Keep every word of the listing and drop the images when you write it out.

## Recorded data

⟨

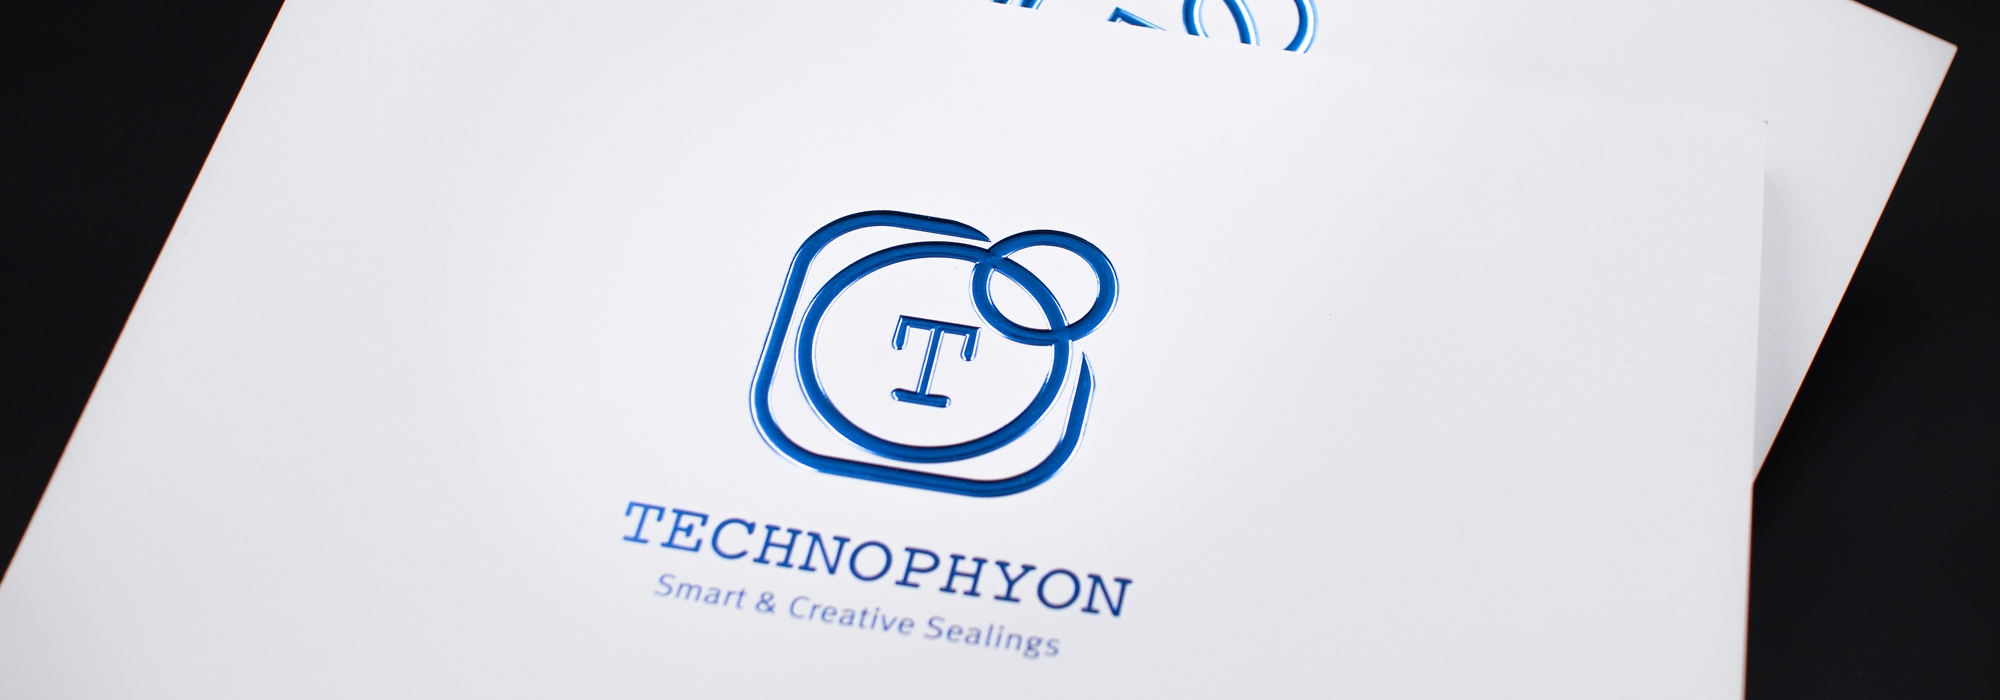 Technophyon Imagebroschüre
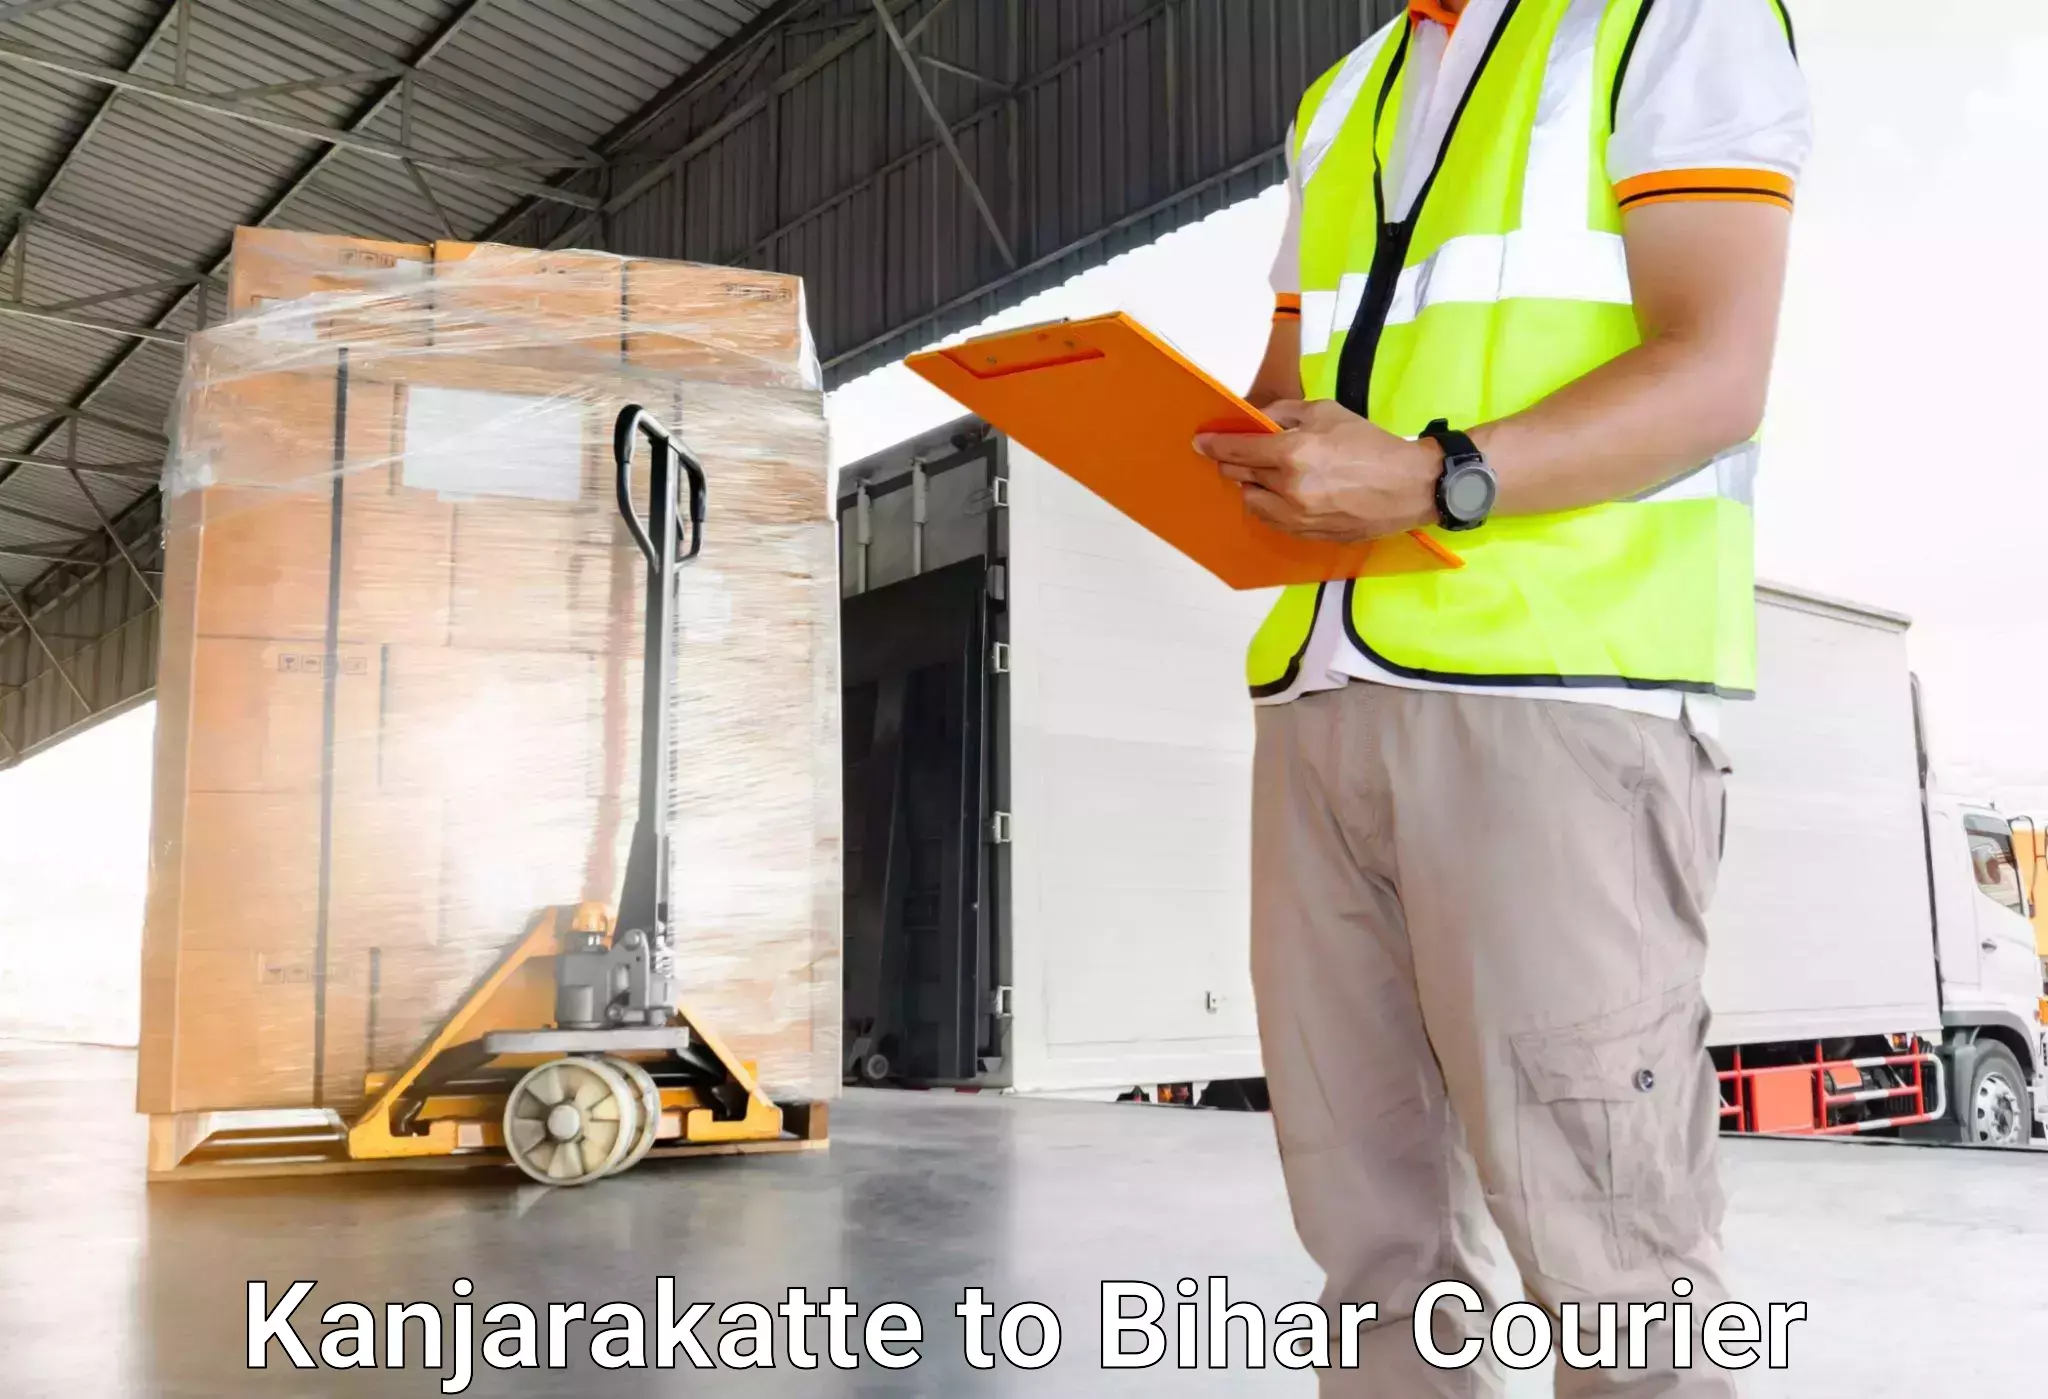 Luggage shipment tracking Kanjarakatte to Sharfuddinpur
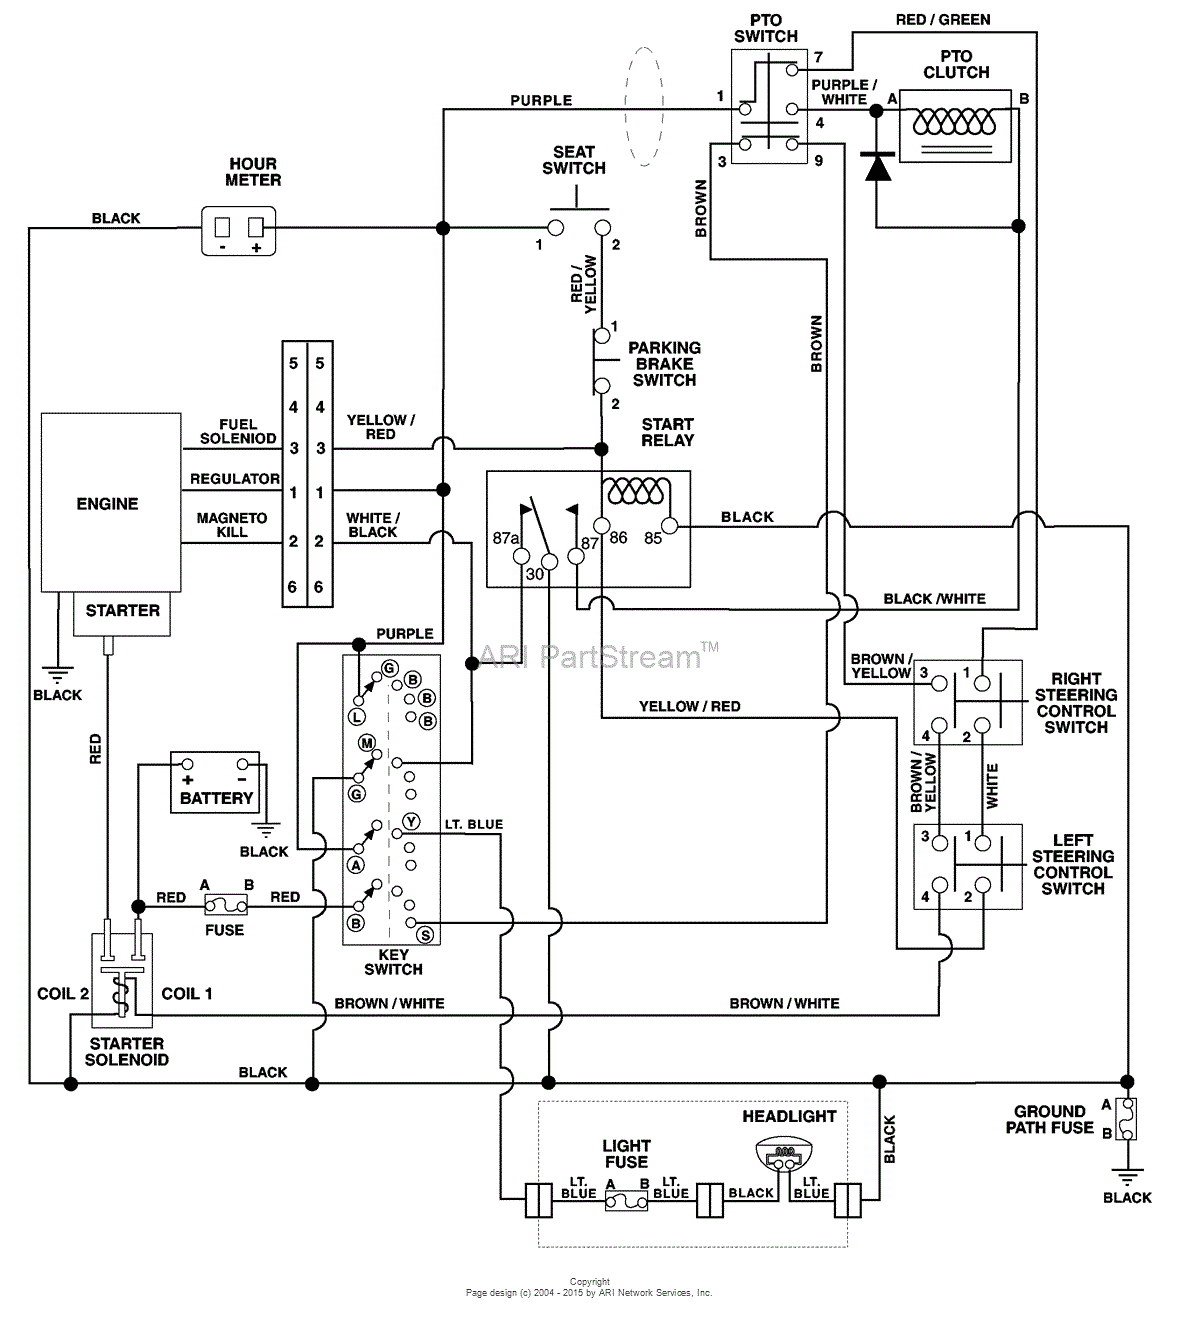 wrg 6273 onan engine wiring diagram 18 gravely 915044 000101 004999 zt1740 17hp kohler 40
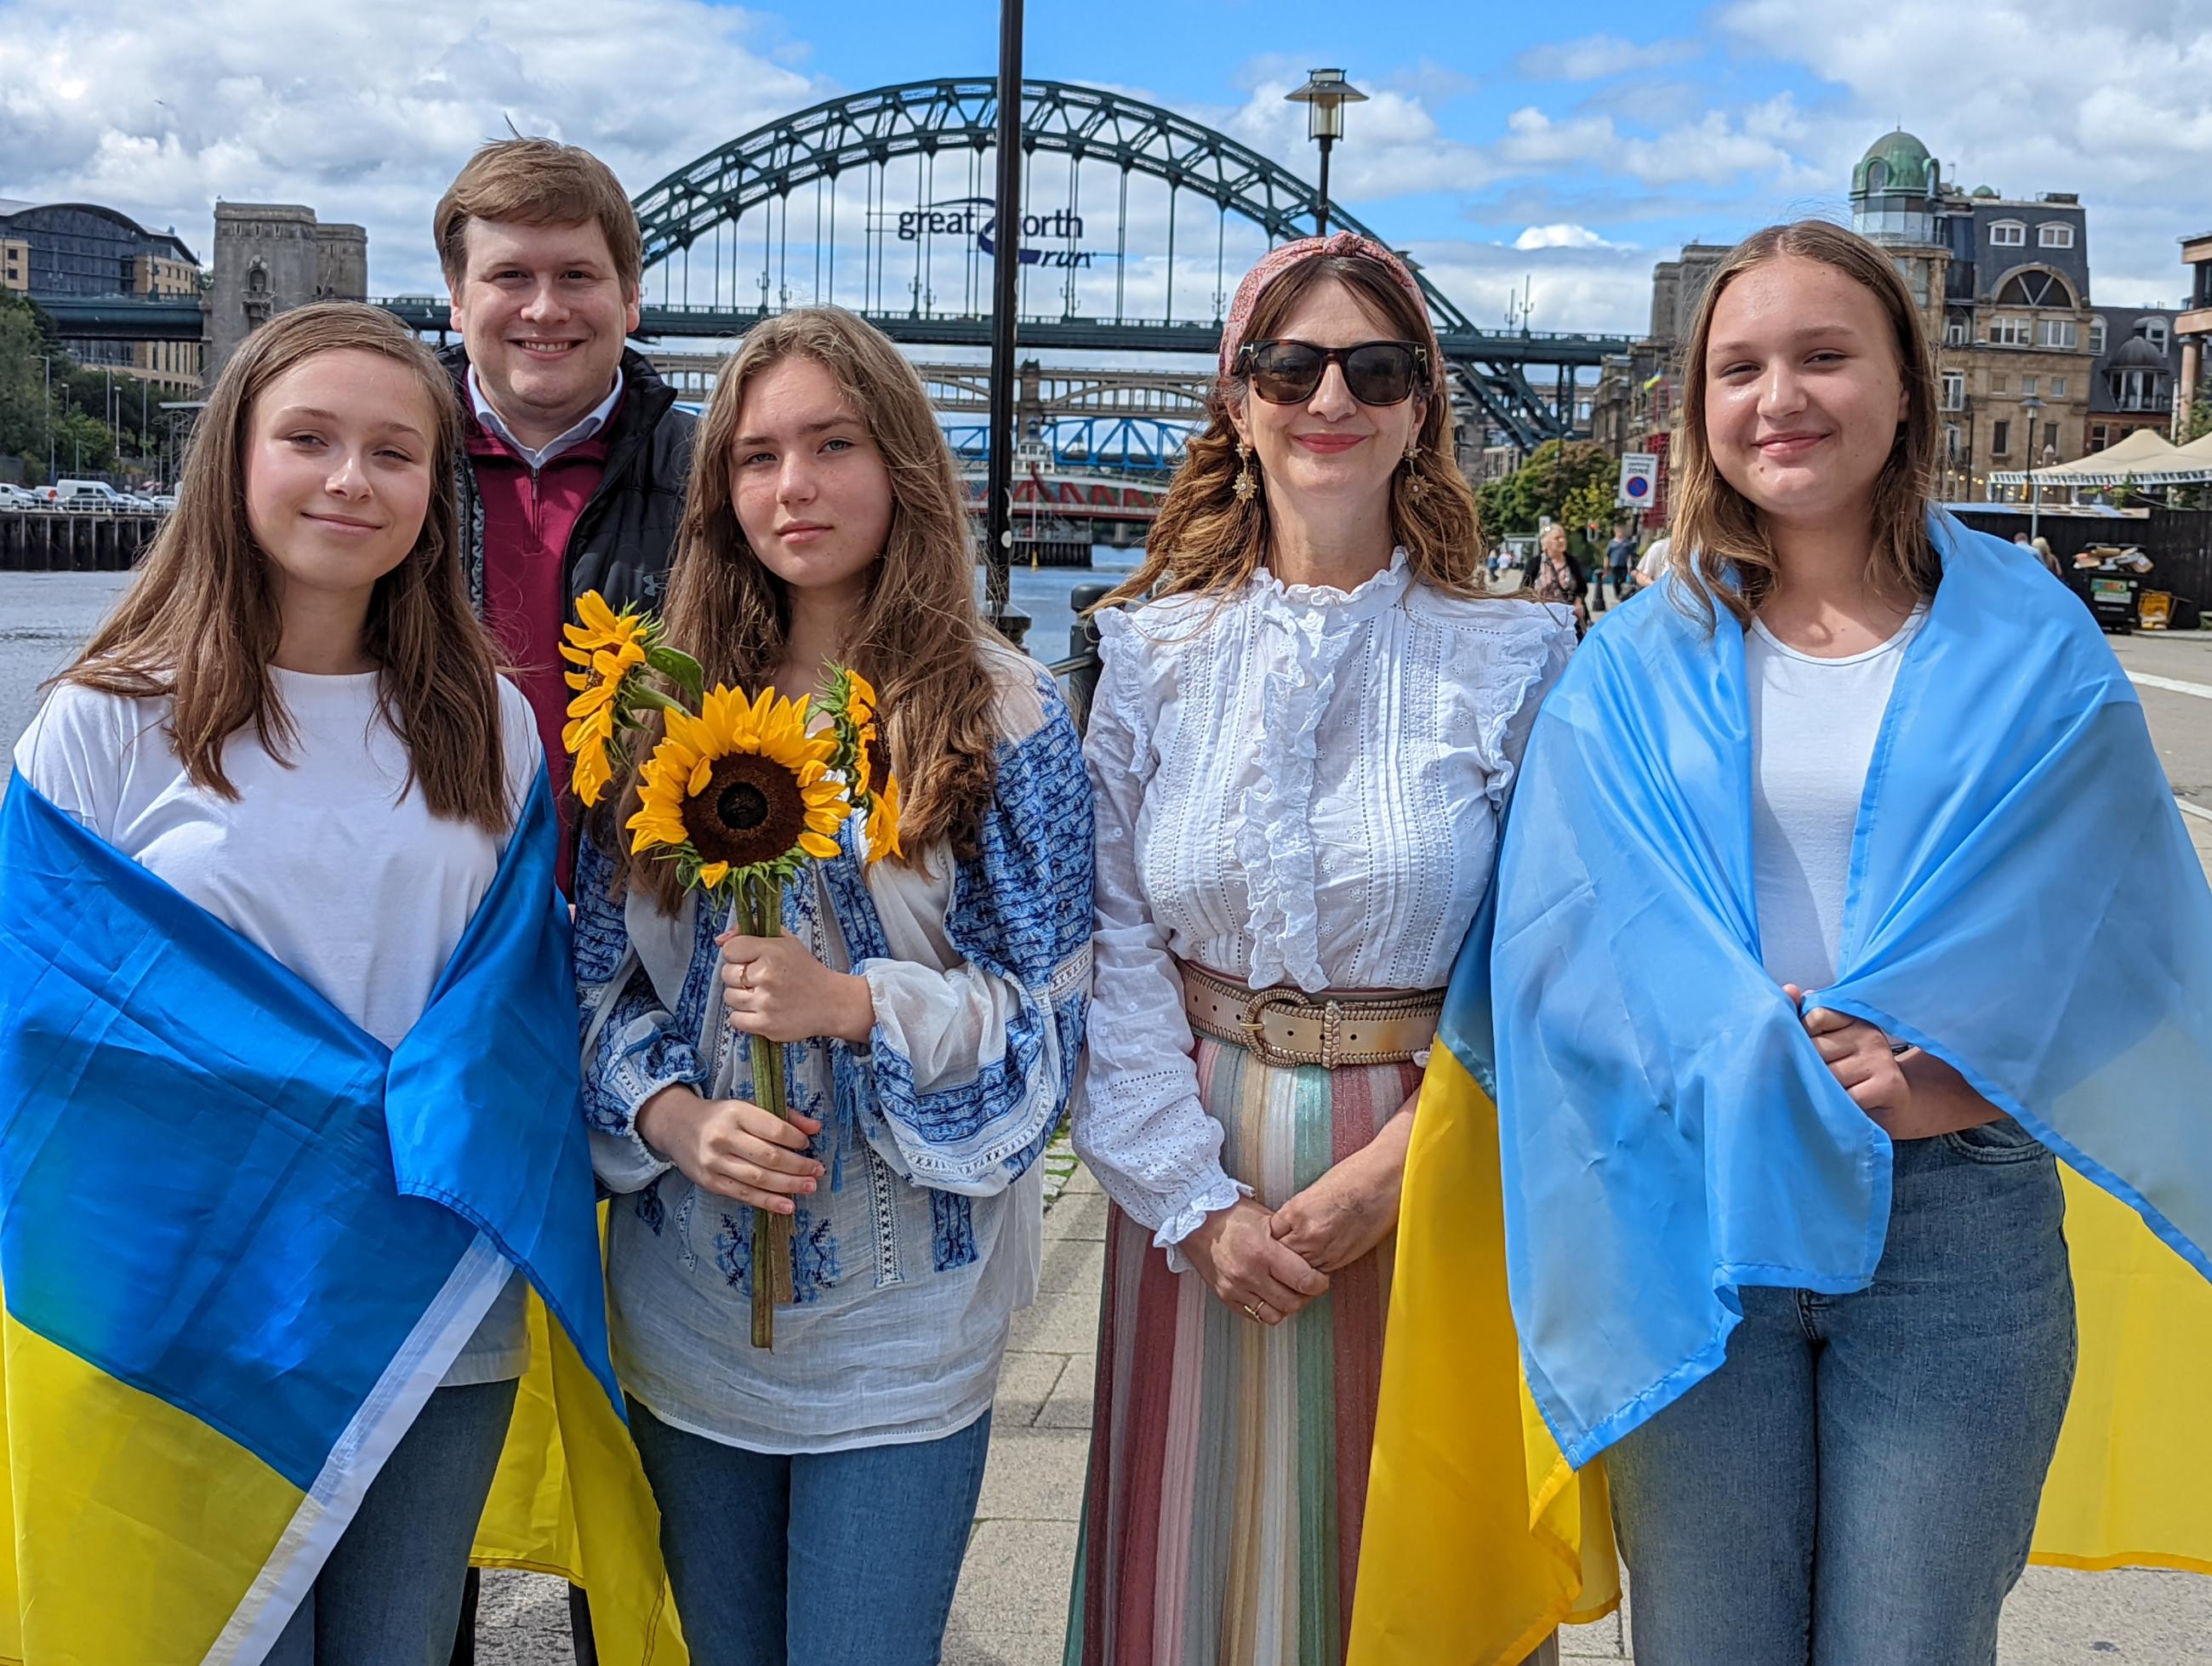 Ukrainian girls back Newcastle's Eurovision bid

⟩

## Answer section
 Technophyon Imagebroschüre
 Luggage shipment tracking Kanjarakatte to Sharfuddinpur
 wrg 6273 onan engine wiring diagram 18 gravely 915044 000101 004999 zt1740 17hp kohler 40
 Ukrainian girls back Newcastle's Eurovision bid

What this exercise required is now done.